**WHAT YOU NEED TO DO**: Beginning with the line that has "Шина 195/65 R" and ending with the line that has "Sara Modest Hooded", retype the entries below exactly, except for the pictures.

**RECORDS FOR THE TASK**:
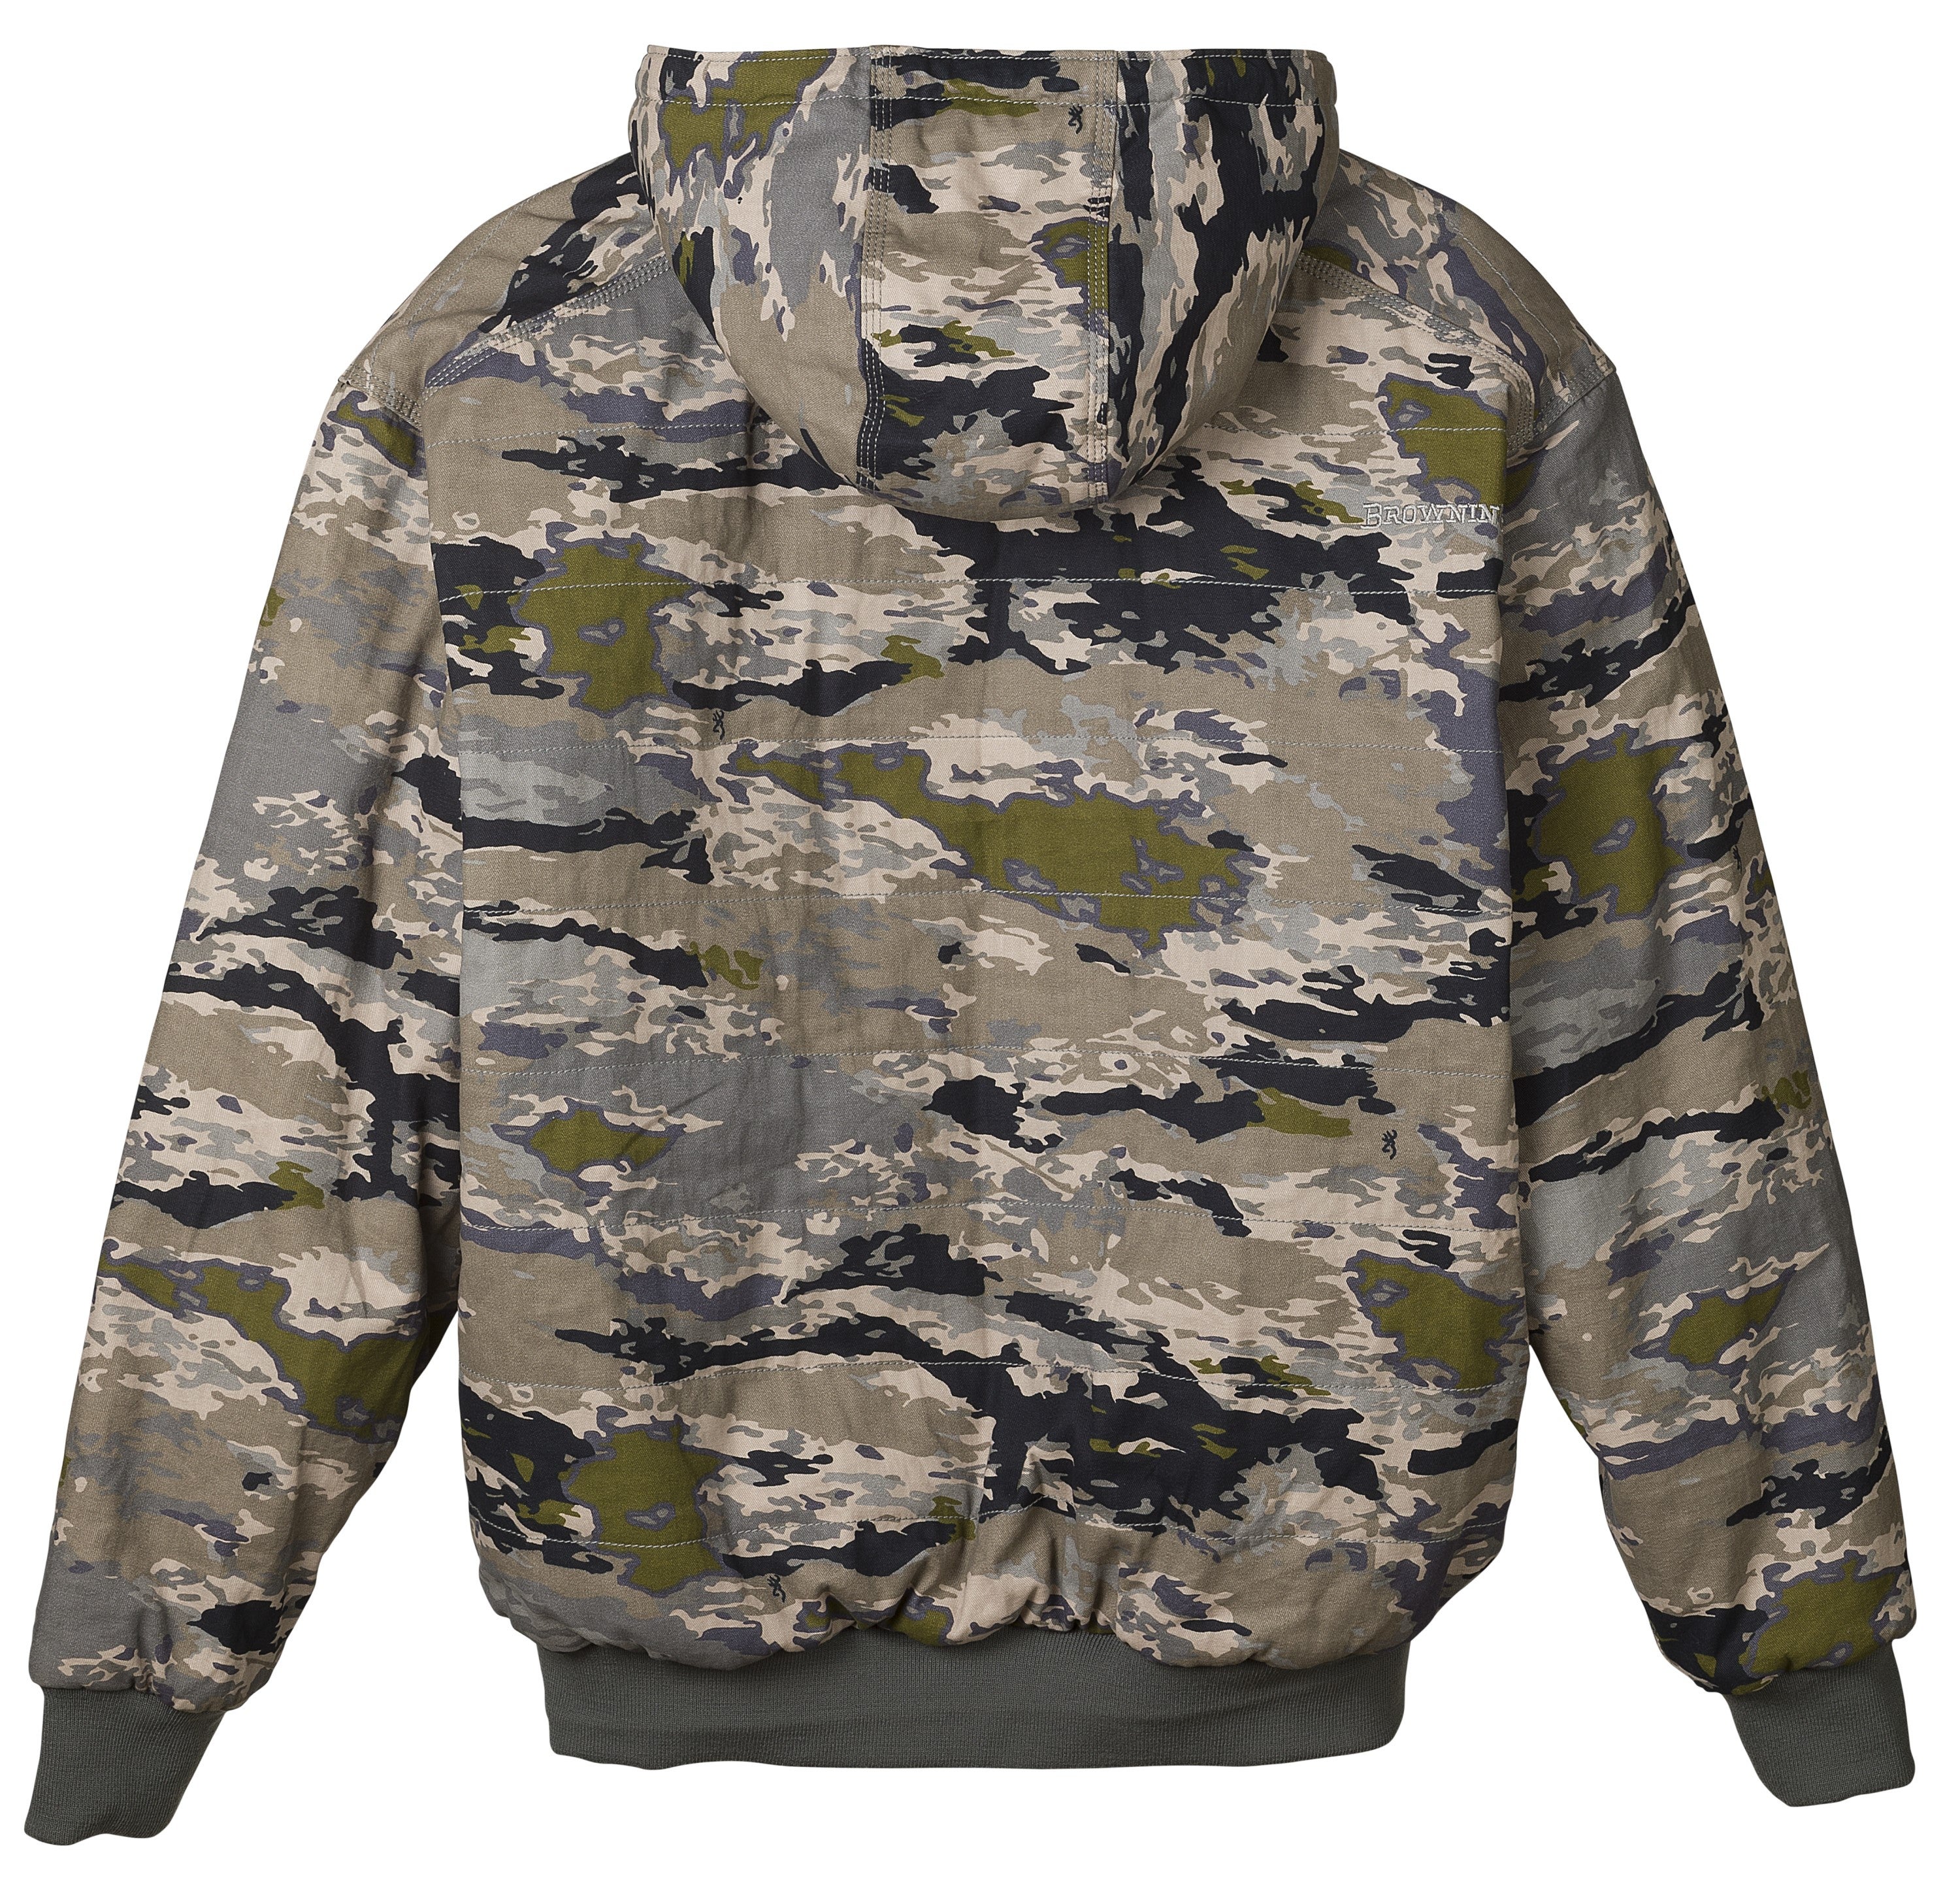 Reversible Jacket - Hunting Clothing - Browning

...

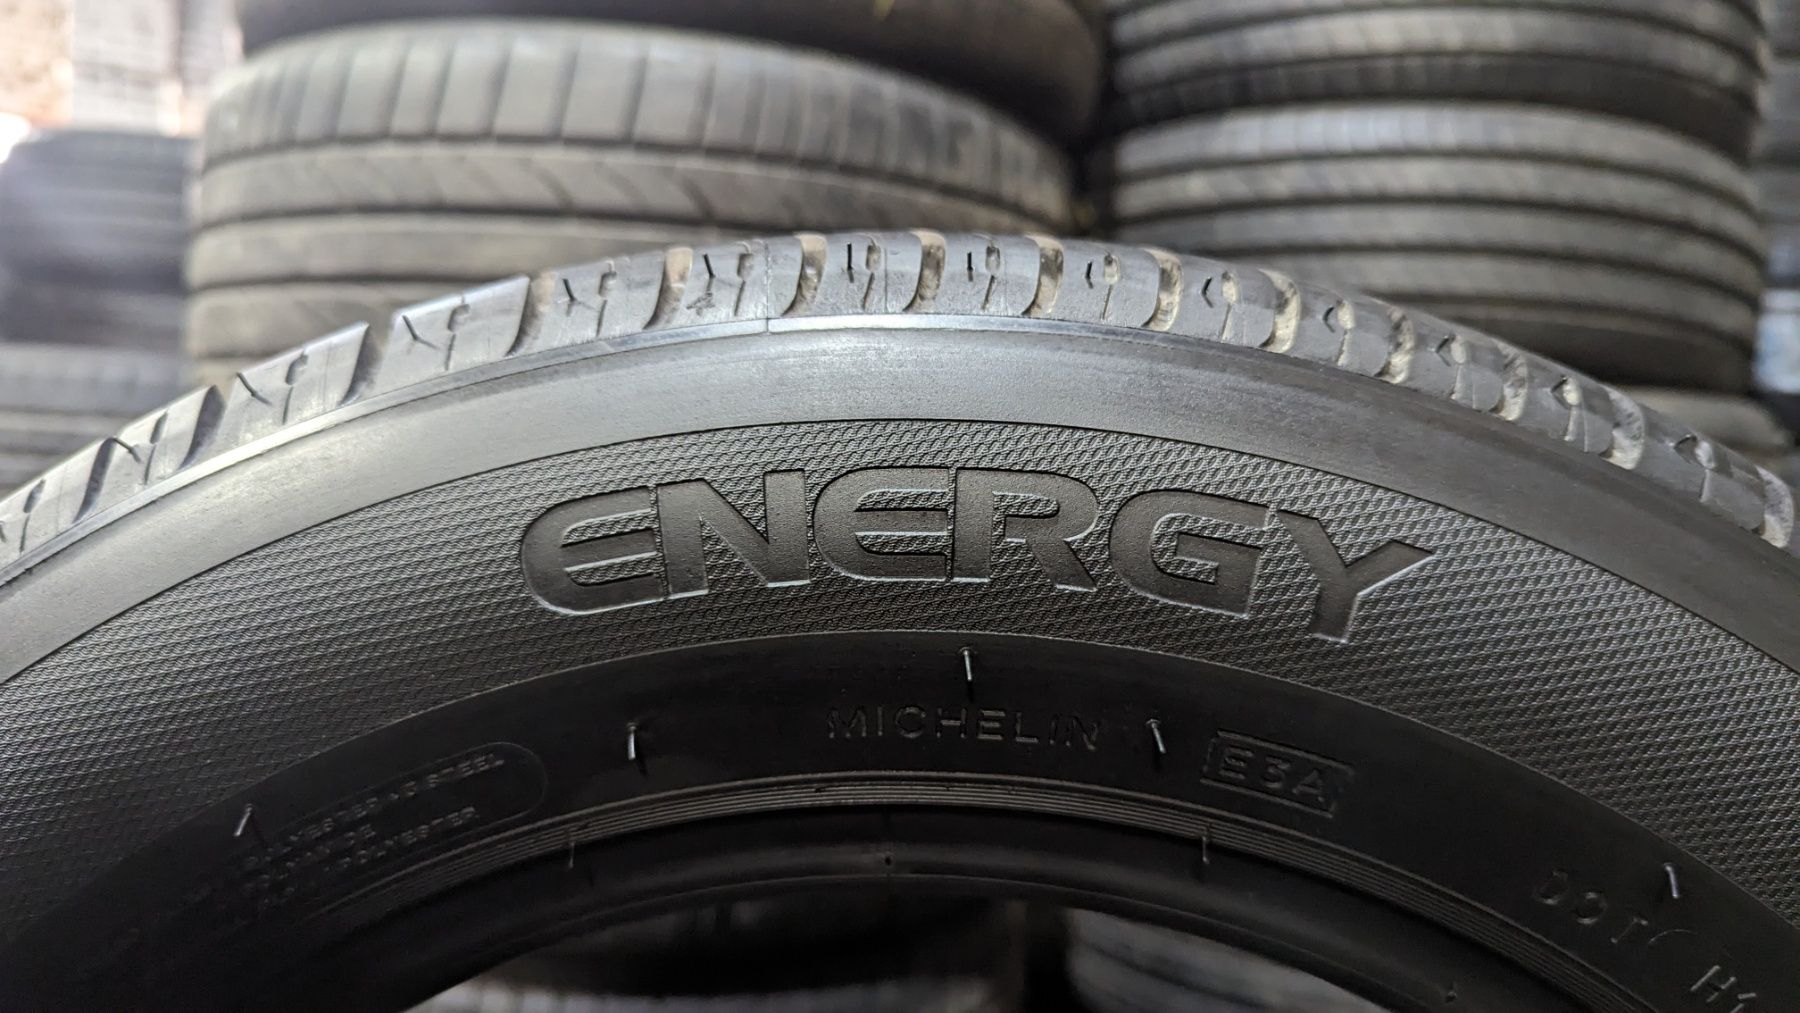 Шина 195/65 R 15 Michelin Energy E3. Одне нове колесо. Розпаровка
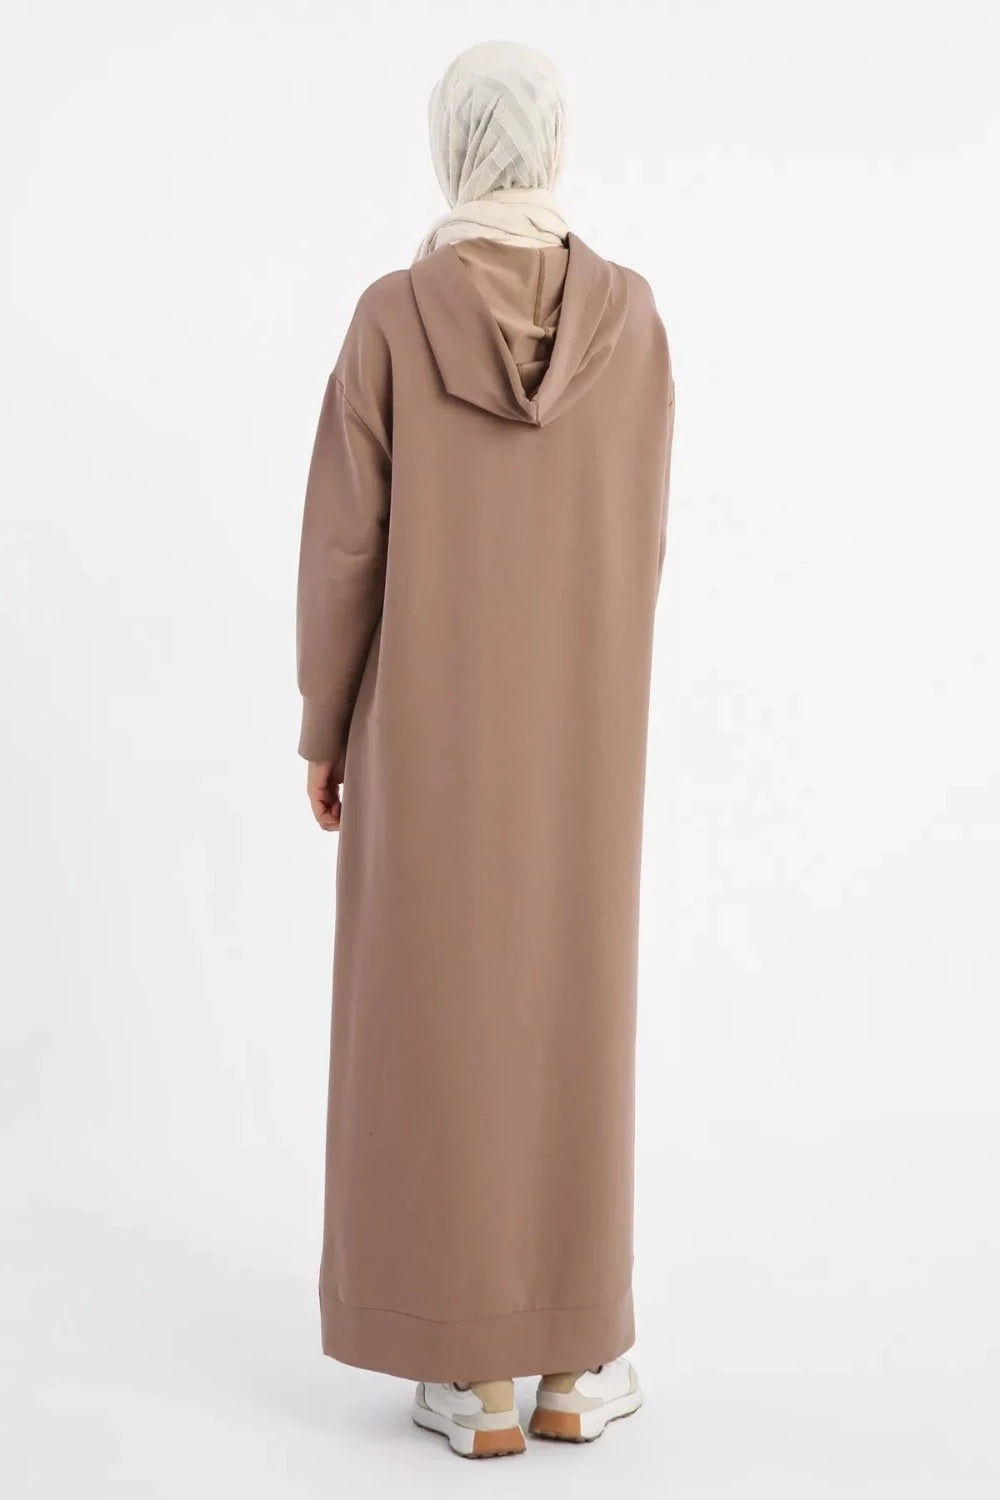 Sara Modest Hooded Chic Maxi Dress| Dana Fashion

**RESPONSE BELOW**:
 Шина 195/65 R 15 Michelin Energy E3. Одне нове колесо. Розпаровка
 Sara Modest Hooded Chic Maxi Dress| Dana Fashion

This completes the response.